The mail carrier chugs up the hill in his jeep. Allison stay
s on the porch, shaded by the volunteer peach tree that sprang up at the corner of the porch—probably grown from a seed somebody spit out once—until the jeep is gone. Then she dashes down to the mailbox.
“Didn’t you hear from your boyfriend, hon?” Ruth asks when Allison returns.
“No.” She has a circular and a sporting-goods catalogue, with guns and dogs on the front. She drops the mail on the table and plops down in the porch swing.
“Why don’t you write him a letter?” Ruth asks.
“I wrote him once and he didn’t answer. He told me he’d write me.”
“Maybe he’s busy working,” Ruth says kindly. “If he’s working construction, then he’s out in the hot sun all day and he probably doesn’t feel like writing a letter. Time flies in the summer.” Ruth fans herself with the circular. “He’s not the only fish in the sea, though, Allison. Plenty of boys out there can see what a pretty girl you are. The sweetest girl!” She pats Allison’s knee.

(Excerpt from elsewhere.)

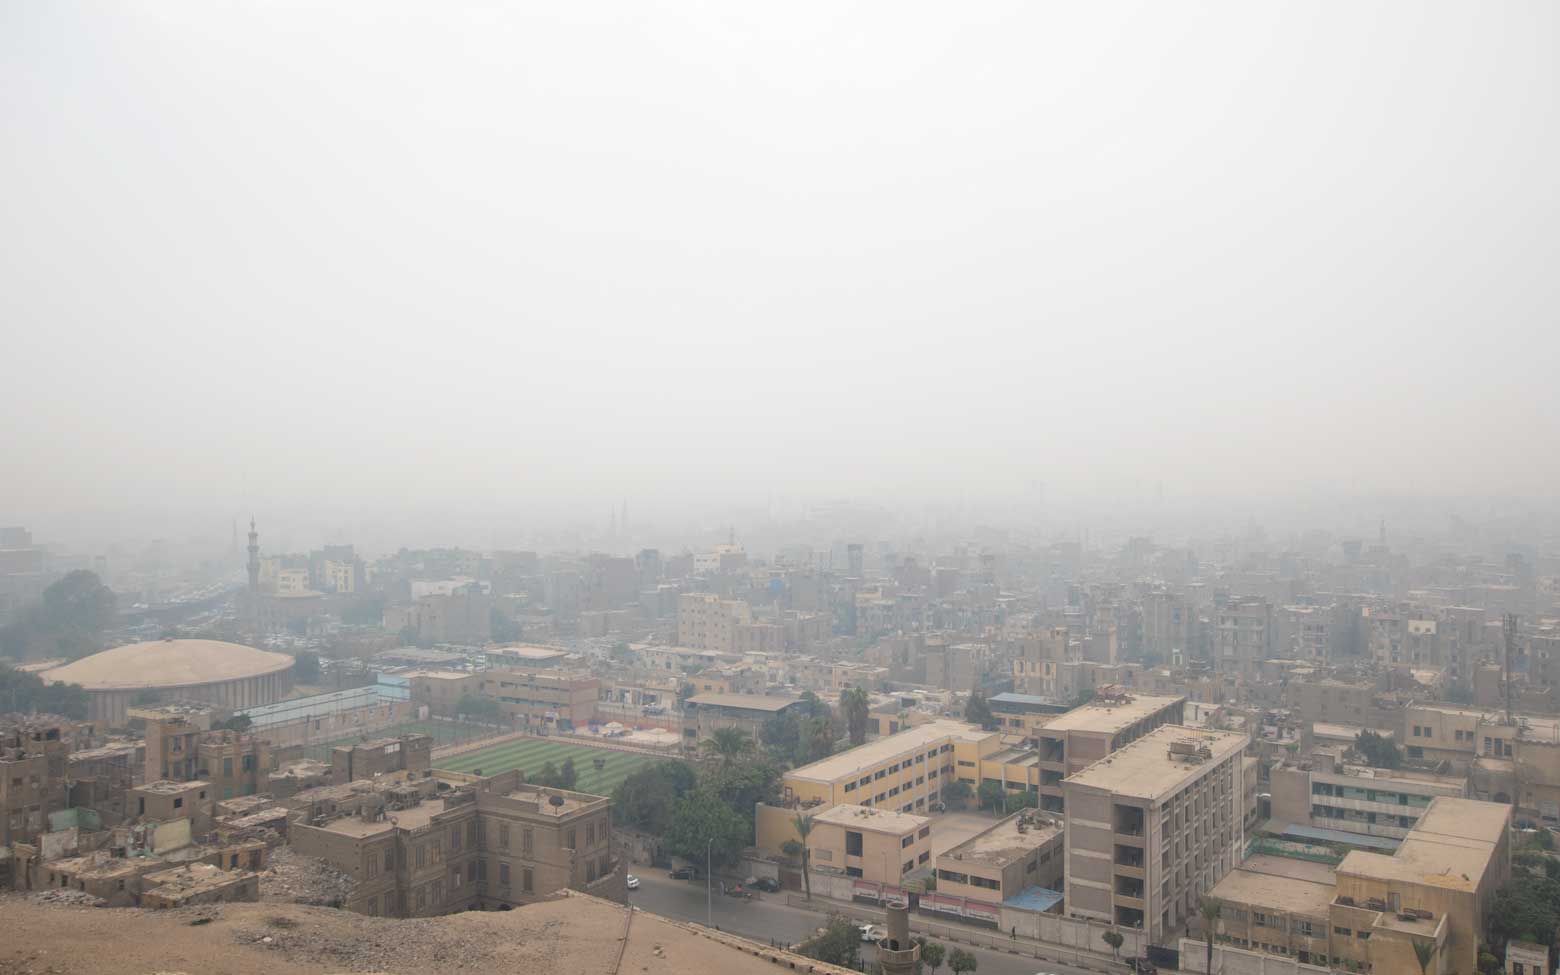 smog in cairo,egypt. View from the citadel

Barbara sees the three of them, on the porch on that hillside, as though they are in a painting: Allison in shorts, her shins scratched by stubble in the field, smoking defiantly with a vacant gaze on her face and one hand on the head of the dog (the dog, panting and grinning, its spots the color of ruined meat); Ruth in the center of the arrangement, her hair falling from its bobby pins, saying something absurdly cheerful about something she thinks is beautiful, such as a family picture in a magazine; and Barbara a little off to the side, her rough hands showing dirt under the fingernails, and her coarse hair creeping out from under the feed cap she wears. (Her hair won’t hold curl, because she perspires so much out in the sun.) Barbara sees herself in her garden, standing against her hoe handle like a scarecrow at the mercy of the breezes that barrel over the ridge.
In the afternoon, Barbara and Ruth are working a side dressing of compost into the soil around the fruit trees. The ground is so hard that Barbara has to chop at the dirt. The apricot is the only tree in the orchard with fruit, and some of the apricots are beginning to blush with yellow. But the apple leaves are turning brown. Caterpillars have shrouded themselves in the outermost leaves and metamorphosed already into moths.